For years, Brazil’s Vale SA fought with rival iron-ore producers in Australia to supply the fast-expanding steel industry in China by building more mines and boosting output. But slowing demand and prospects of a multiyear glut are changing the battle lines. Now, it’s all about protecting ever-narrowing profit margins.
The challenge for Vale is that its mines are more than 8,000 miles (13,000 kilometers) farther from China than Australian competitors Rio Tinto Plc and BHP Billiton Ltd. That means shipments are more expensive at a time when ore prices are half what they were two years ago. After a record $13.5 billion loss last year, the Brazilian company is investing in higher-quality reserves and automation to erase that cost gap.
It won’t be easy. Vale is producing record amounts of iron-ore, which accounts for more than half its revenue.

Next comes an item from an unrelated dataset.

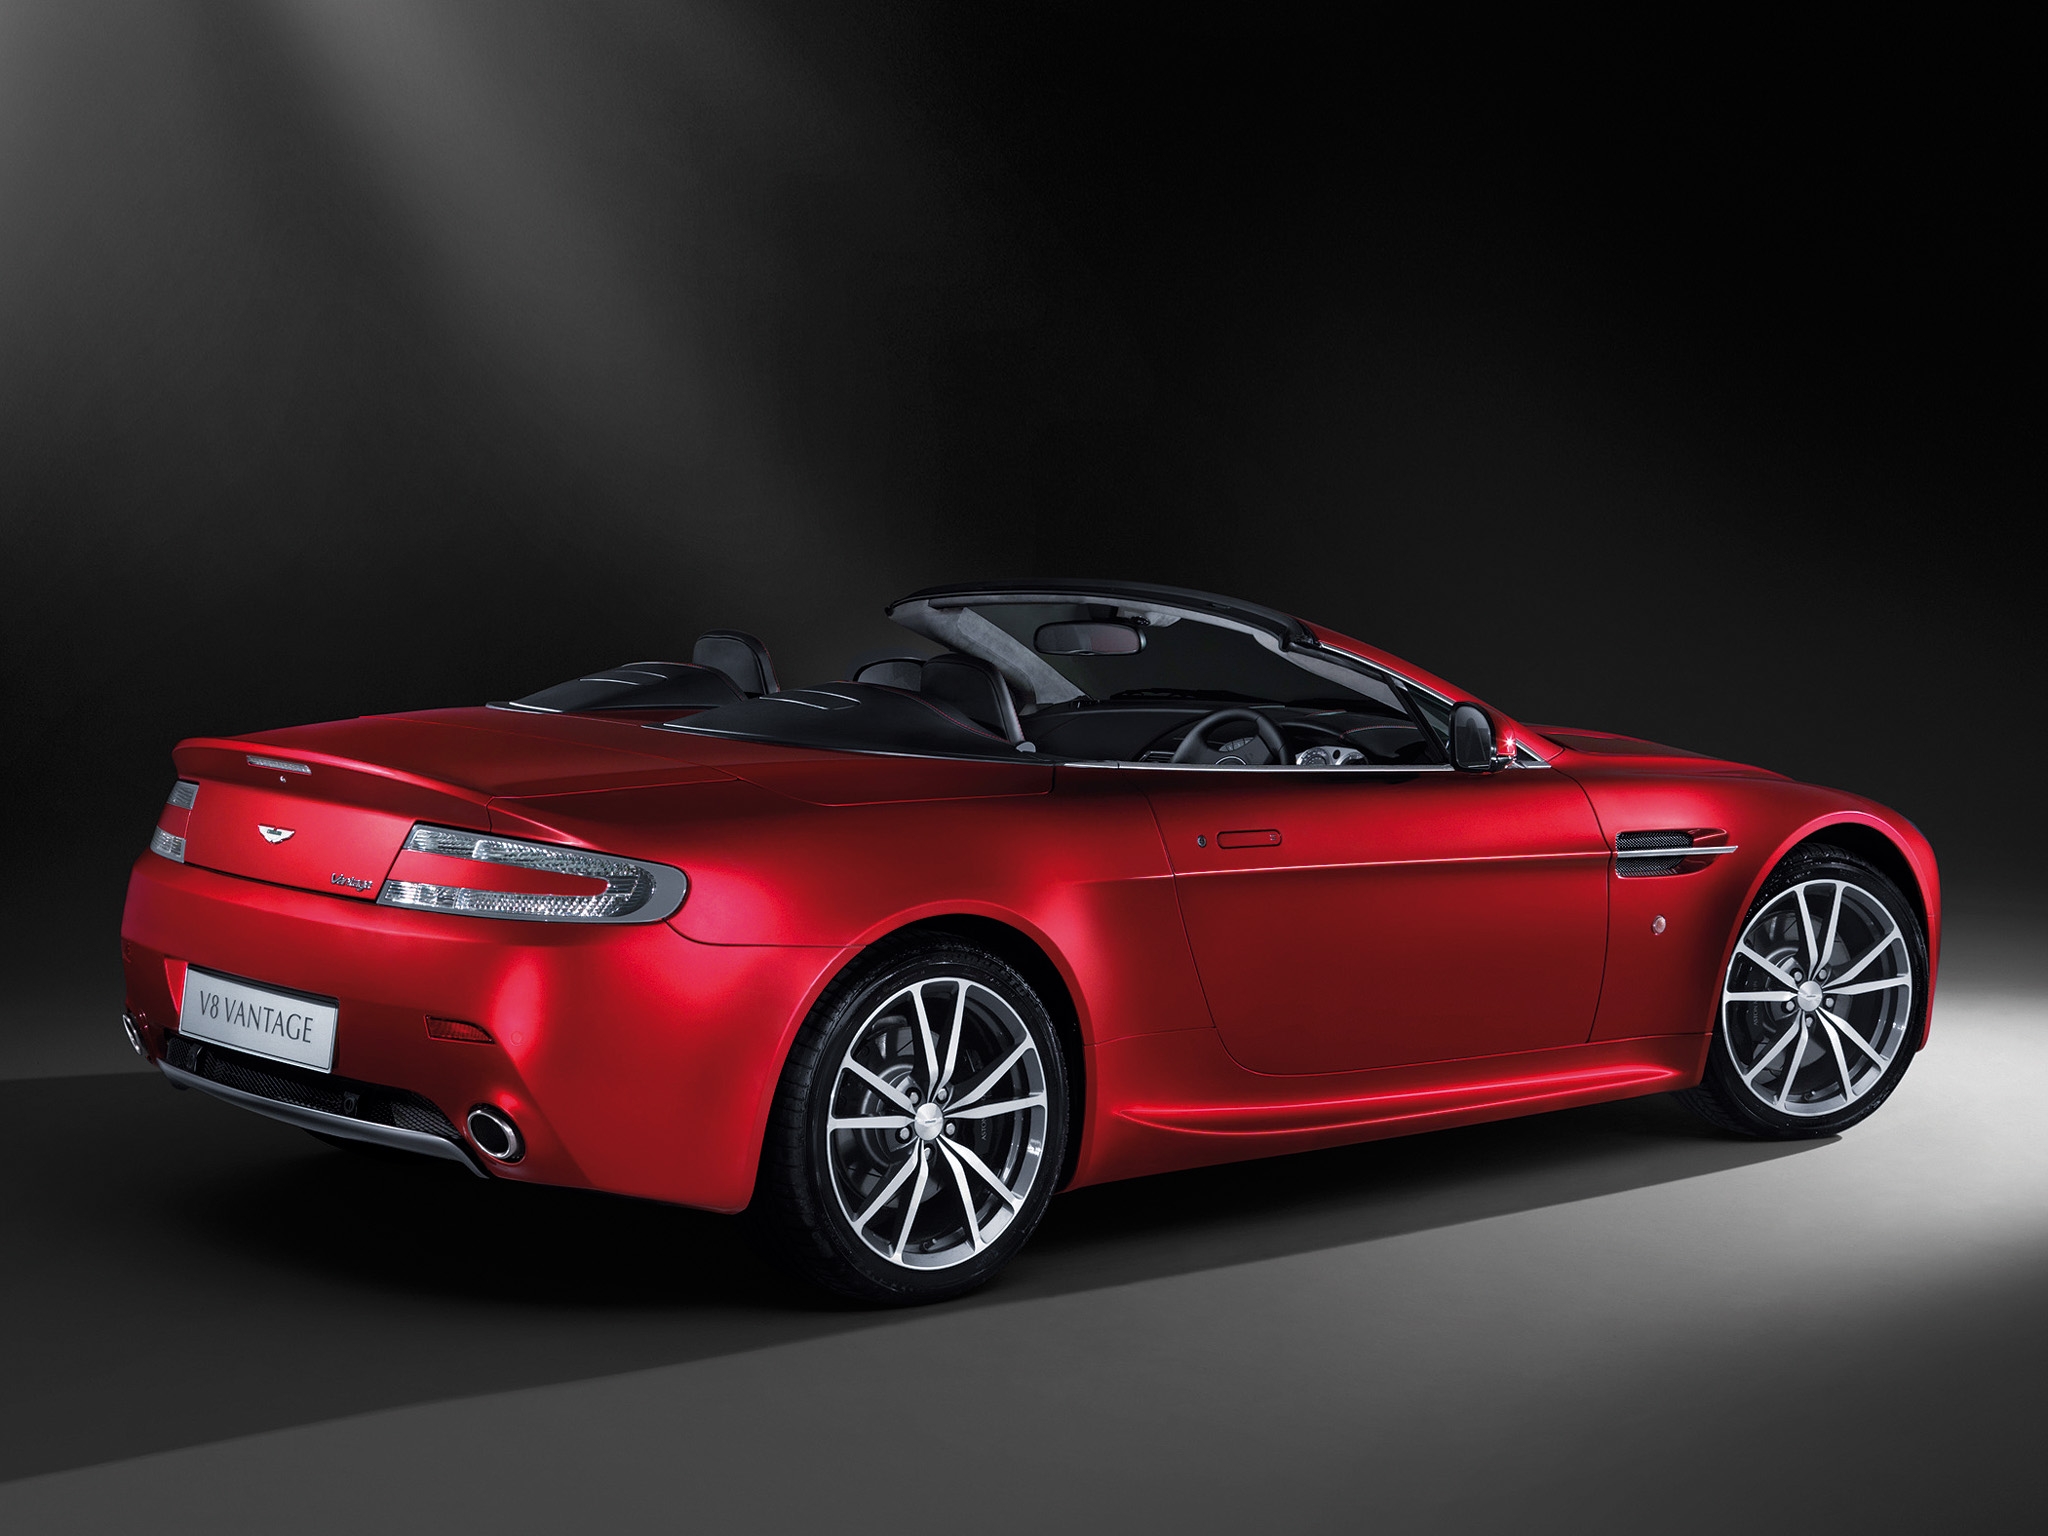 aston martin, cars, red, side view, style, cabriolet, 2008, v8, vantage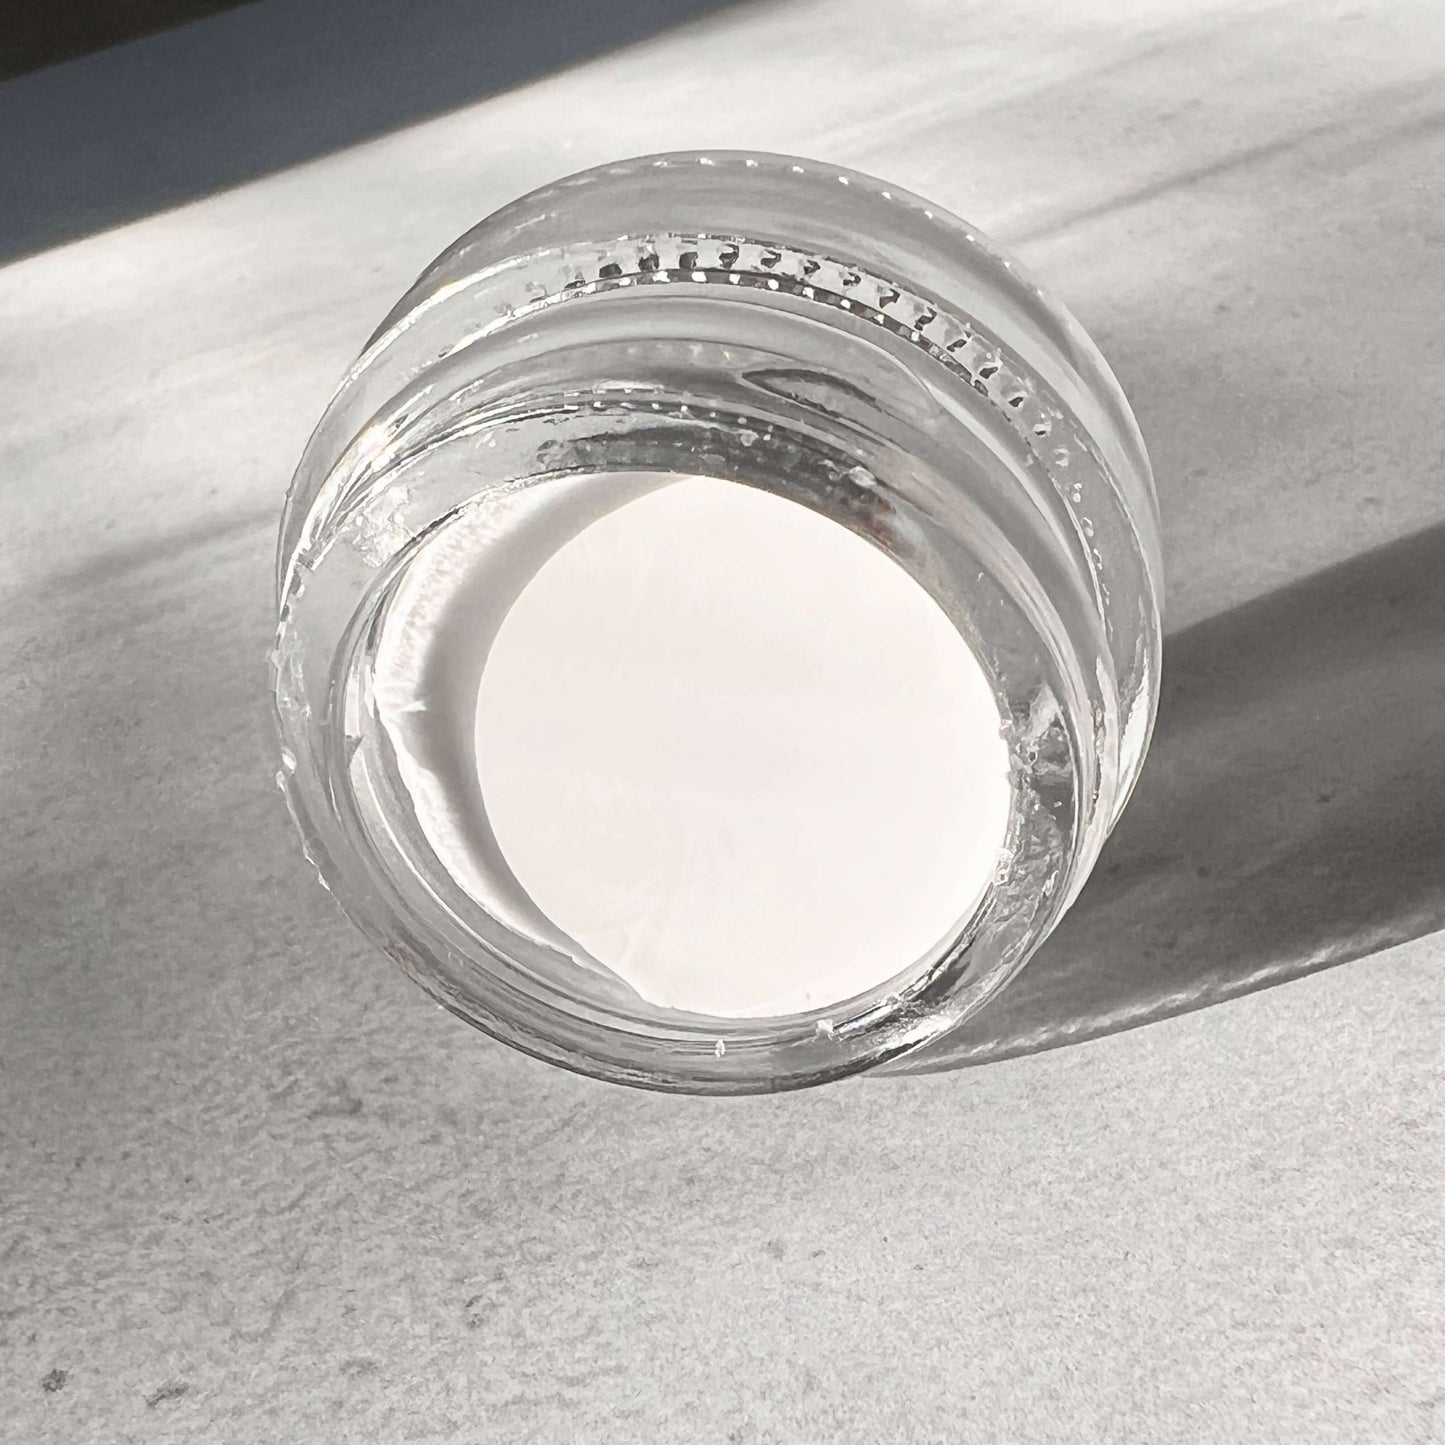 Creamy gel eyeliner in a glass pot rests on its side. This position shows you that the white eyeliner is creamy and thick.

While operations are returning to profit in 2016, earnings will drop next year, according to analysts surveyed by Bloomberg.
After taking on massive debt when commodity prices were booming, Chief Executive Officer Murilo Ferreira is selling assets and betting he can streamline operations enough to cut production costs by 2018 to $10 a metric ton, or about half what they were in 2014.
“This is what’s fundamental — the fight for even one minute of efficiency,” Humberto Freitas, Vale’s executive director of logistics and mineral exploration, said in an interview in Rio de Janeiro. “Because it’s not just that one minute. It’s one minute spread over, for example, six thousand train cars. When you talk about one minute, you are talking about a lot of money.”